[PROVIDED DATA]
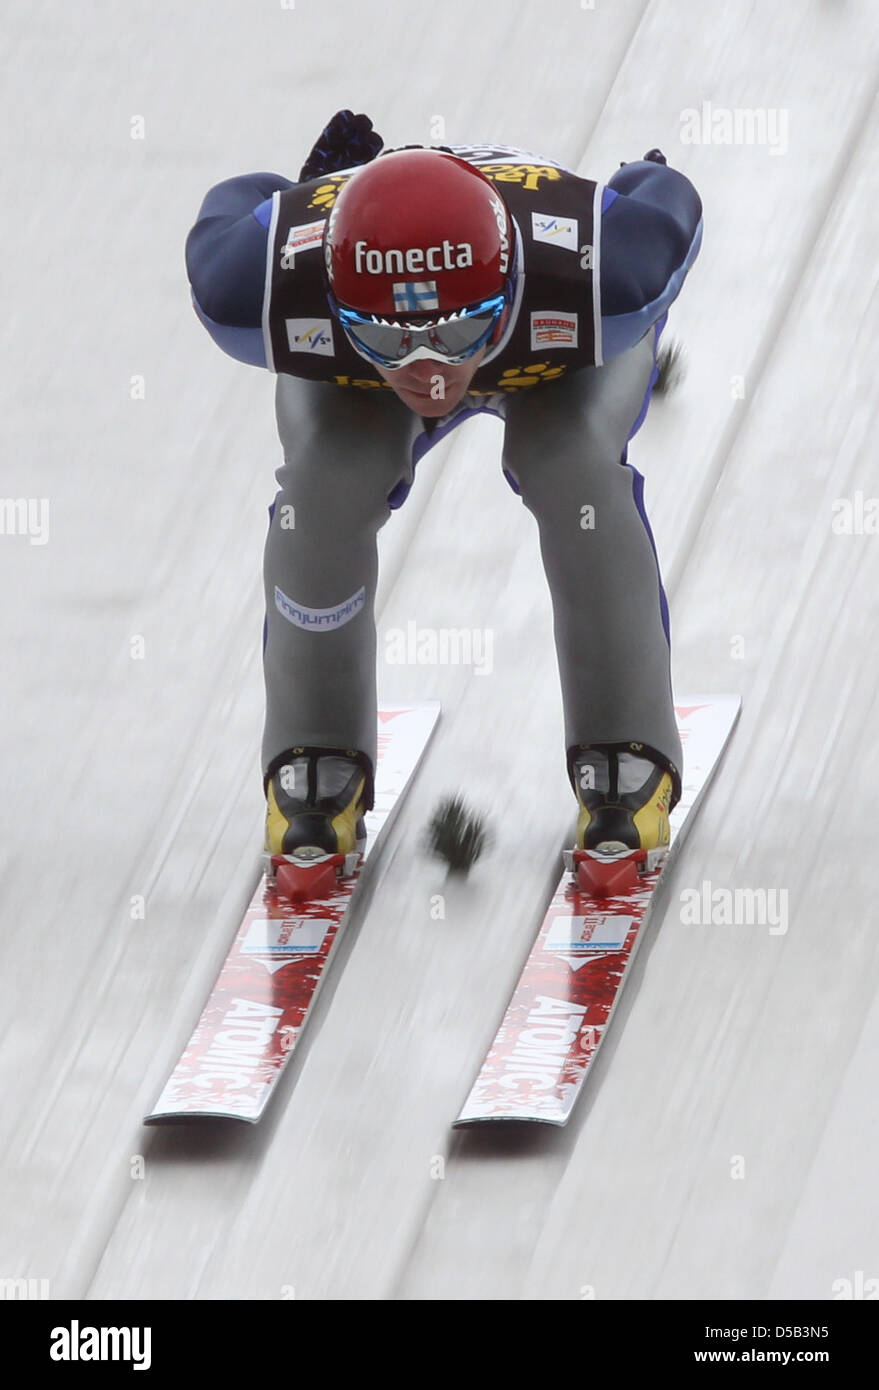 Der finnische Skispringer Janne Ahonen springt am Samstag (02.01.2010) in Innsbruck (Österreich) beim Trainingsdurchgang dritten Station der 58. Vierschanzentournee von der Bergiselschanze. Der weitere Trainingsdurchgang sowie die Qualifikation am Samstag wurden aufgrund der Wetterbedingungen abgesagt. Foto: Daniel Karmann dpa/lby Stock Photo
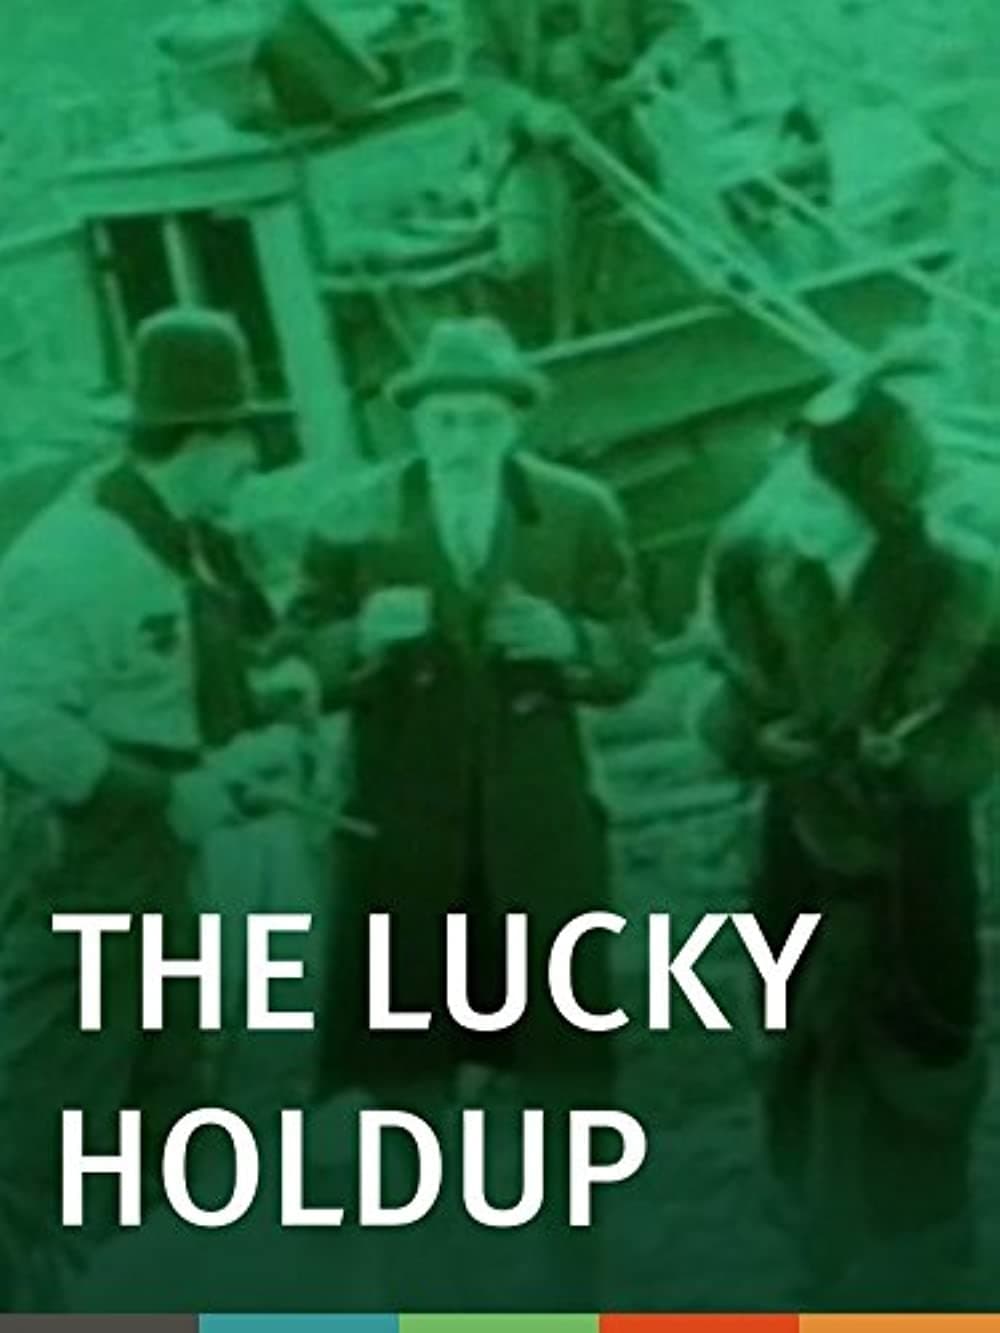 The Lucky Holdup
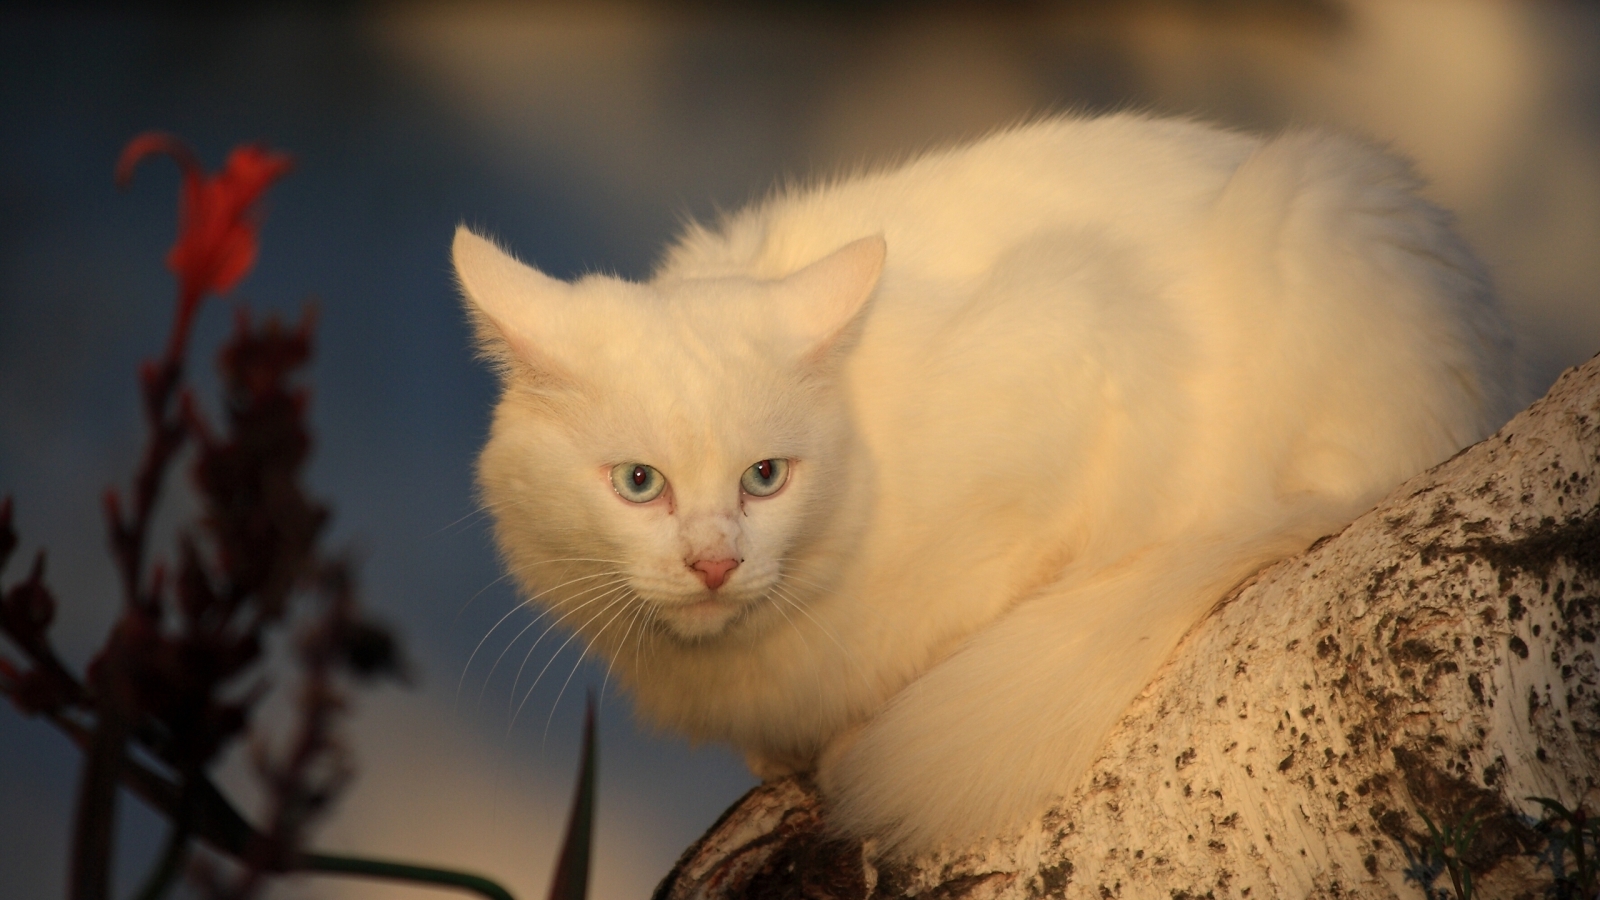 White Cat for 1600 x 900 HDTV resolution

[PROBLEM TO SOLVE] Give the data above again exactly. Leave the pictures out.

[WRITTEN ANSWER]
 Der finnische Skispringer Janne Ahonen springt am Samstag (02.01.2010) in Innsbruck (Österreich) beim Trainingsdurchgang dritten Station der 58. Vierschanzentournee von der Bergiselschanze. Der weitere Trainingsdurchgang sowie die Qualifikation am Samstag wurden aufgrund der Wetterbedingungen abgesagt. Foto: Daniel Karmann dpa/lby Stock Photo
 The Lucky Holdup
 White Cat for 1600 x 900 HDTV resolution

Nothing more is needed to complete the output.